■ Data below
'''

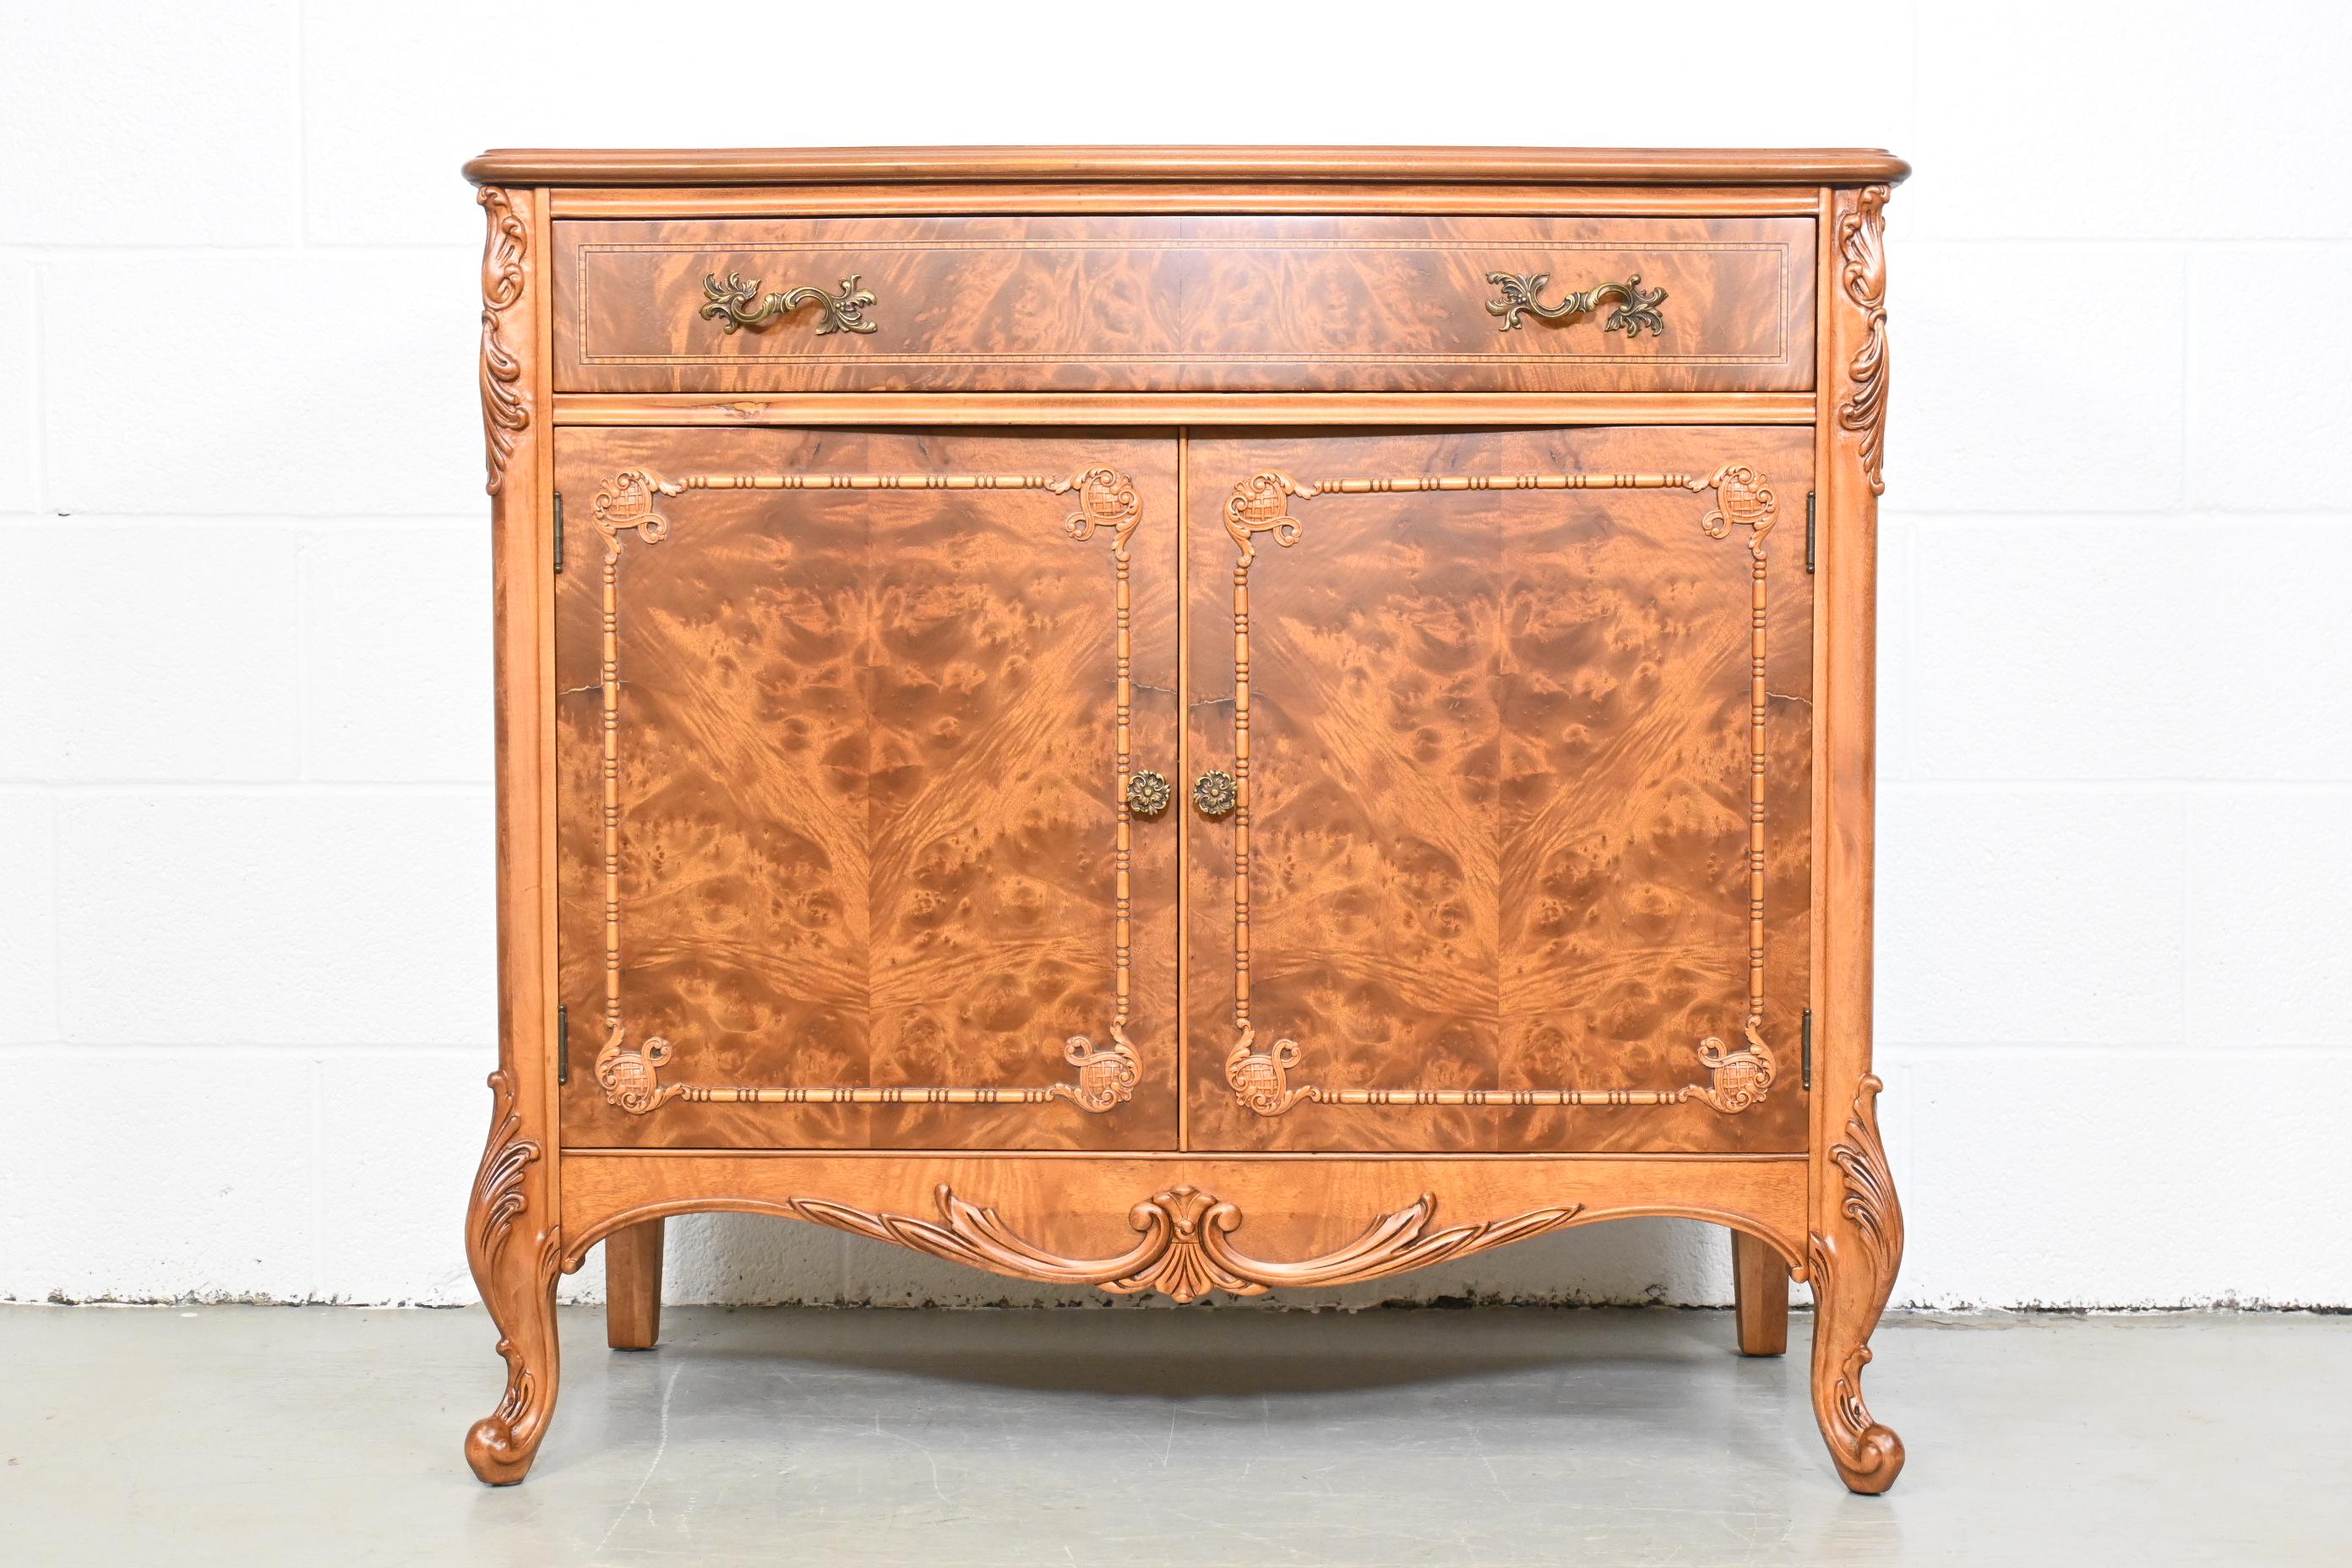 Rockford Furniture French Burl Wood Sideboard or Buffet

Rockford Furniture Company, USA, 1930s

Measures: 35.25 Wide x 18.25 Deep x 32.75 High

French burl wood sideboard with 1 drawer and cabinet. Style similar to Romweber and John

'''

■ Task directions
Return the data exactly. Pictures stay out.

■ Final answer
 Rockford Furniture French Burl Wood Sideboard or Buffet

Rockford Furniture Company, USA, 1930s

Measures: 35.25 Wide x 18.25 Deep x 32.75 High

French burl wood sideboard with 1 drawer and cabinet. Style similar to Romweber and John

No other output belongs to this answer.